• Choice for the future
    September 06,2013

    Not everyone is a fan of Tax Increment Financing, but for several Vermont communities, the state process will help pave the way to a more economically viable future for eligible downtowns. Mostly, it is because they do not understand.

    TIFs are sometimes referred to as a “financing tool” for economic development. Other types of financing are available to towns and cities, but cutbacks at the state and federal levels have increased the popularity of TIFs.

    While the idea of the financing mechanism has been around since the 1950s, it has only been used in Vermont since 1985. The idea behind it has not changed in 60-plus years: An area that has been blighted or otherwise in need of an economic boost is analyzed for its development potential and then designated by a municipality as a “tax financing district,” which is then targeted for publicly financed infrastructure investments.

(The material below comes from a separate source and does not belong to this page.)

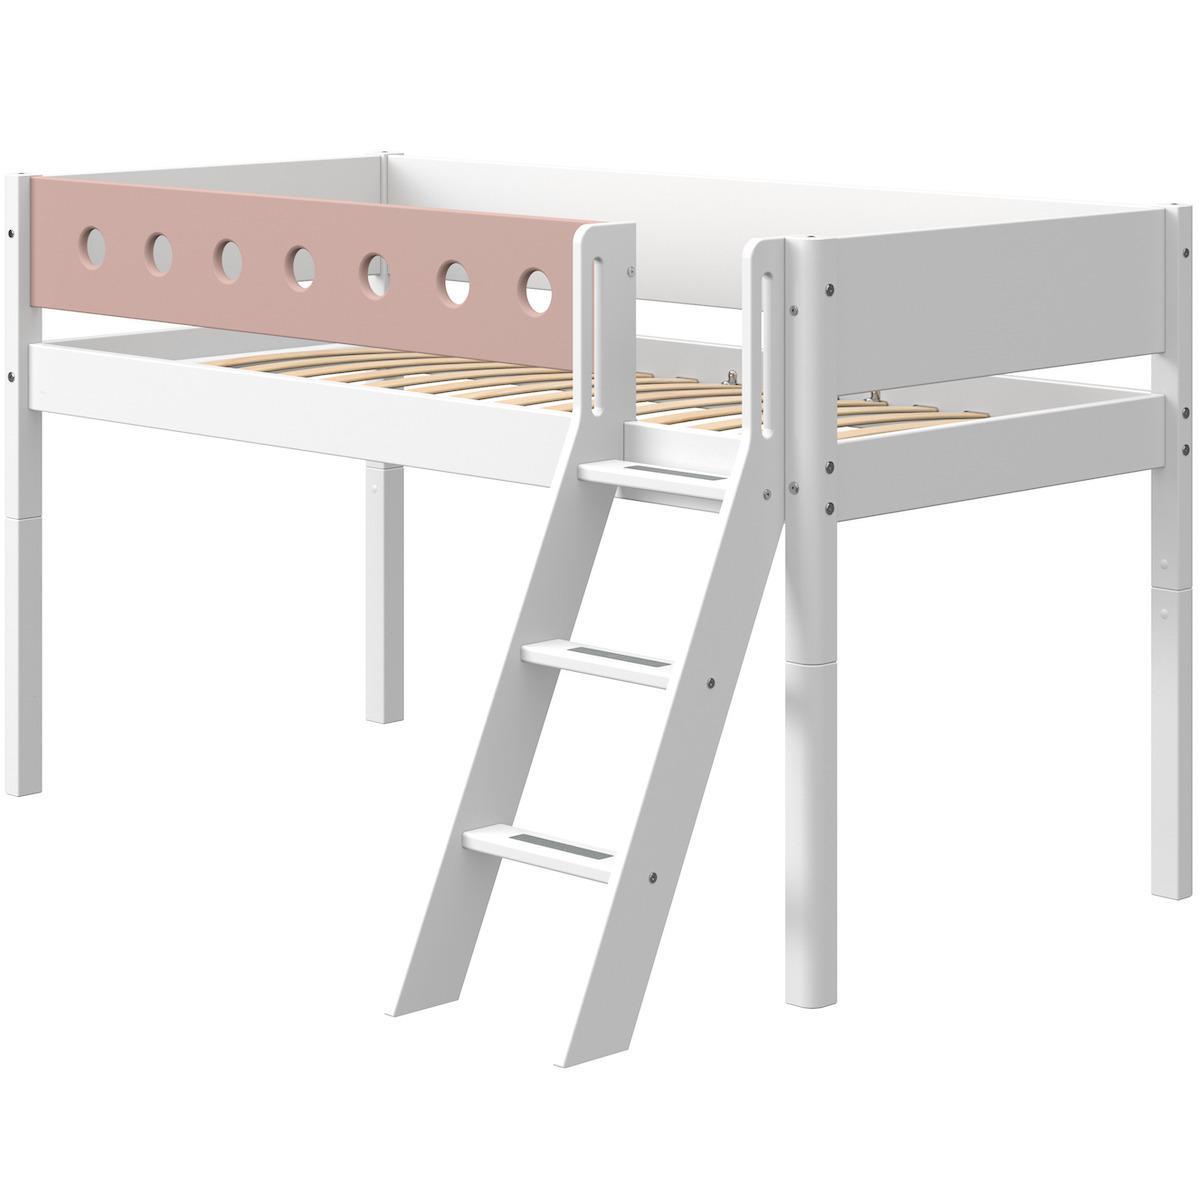 Cama media alta 90x200cm escalera inclinada WHITE Flexa blanco-rosa claro
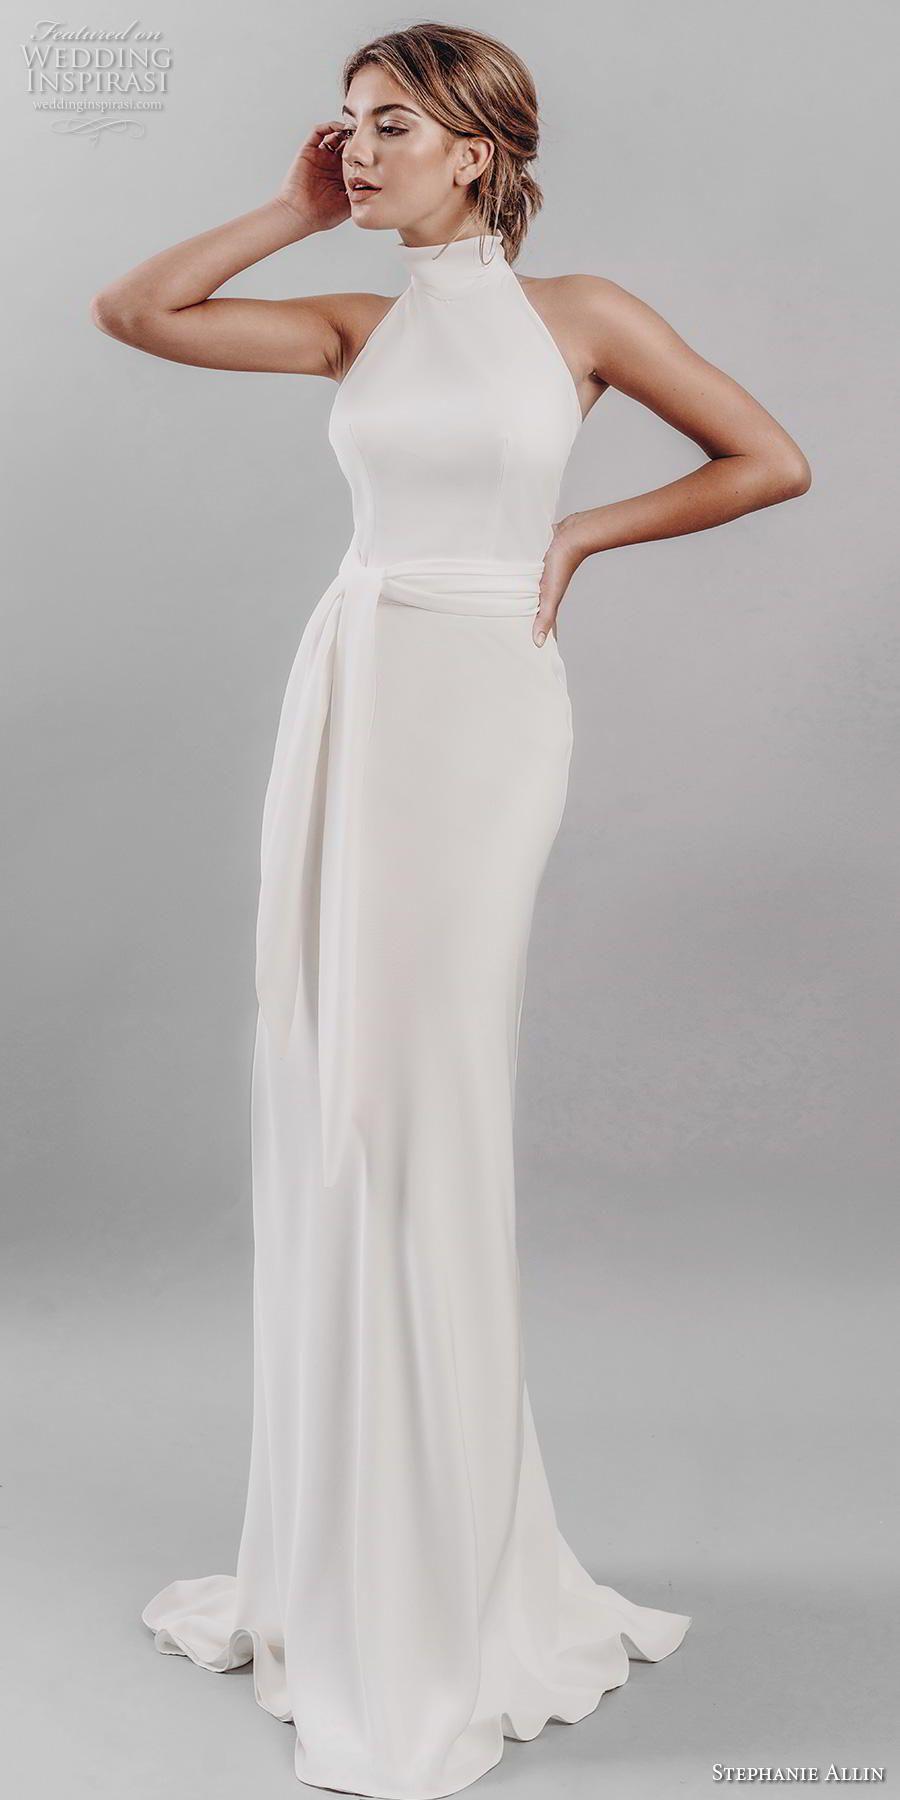 7e3d4e61920ca stephanie allin 2019 bridal sleeveless halter neck simple clean minimalist  elegant sheath wedding dress mid back sweep train (14) mv -- Stephanie  Allin 2019 ...

    In Vermont, the district allows towns to apply for use of incremental tax revenues through an application process overseen by the Vermont Economic Progress Council. It shifts money away from the Education Fund. It places no burden on taxpayers.

    Before incurring any TIF district debt, much like a line of credit, the town or city must seek a popular vote on an overall debt ceiling.

    Burlington has used its TIF to rebuild its waterfront; Milton and White River Junction have used them to make improvements to their downtowns. Now Barre is in the pipeline, pending voter approval, to reap the benefits.

    Typically, public infrastructure investments include water supply, sewer expansion and repair, storm water drainage, street and sidewalk construction, parks and other green spaces, as well as parking structures. In addition, towns and cities have used TIFs for land acquisition, demolition, utility improvements, and environmental remediation.

    A common misperception is that these are pie-in-the-sky projects placed on the backs of taxpayers. That is not the case. In fact, the projects shift 75 percent of the increment that goes back into community for 20 years. It is reinvesting back to the community — a way to pay down debt on infrastructure.

    The payment schedule on these projects creates a stable income stream. No one turns a shovel until the money is in place.

    Gov. Peter Shumlin’s stop in St. Albans this week, and Barre and Newport in as many weeks, demonstrates that he and his administration are concerned about Vermont over next 10 years and beyond.

    Shumlin and leaders like Barre’s Mayor Thomas Lauzon know that some municipalities need an opportunity to attract development. For communities that get on board, TIFs are a good solution to long-term economic development.

    For Barre, the TIF district would be $10.8 million; St. Albans was closer to $24 million.

    Communities like Rutland and Montpelier should consider the TIF to complement the economic development being done in their communities. It ensures forward-thinking, and it forces politicians to look beyond the next election.

    With uncertain budget considerations, a shaky economy and fresh demands on community building, such funding mechanisms are options that no town or city can look away from without ample consideration.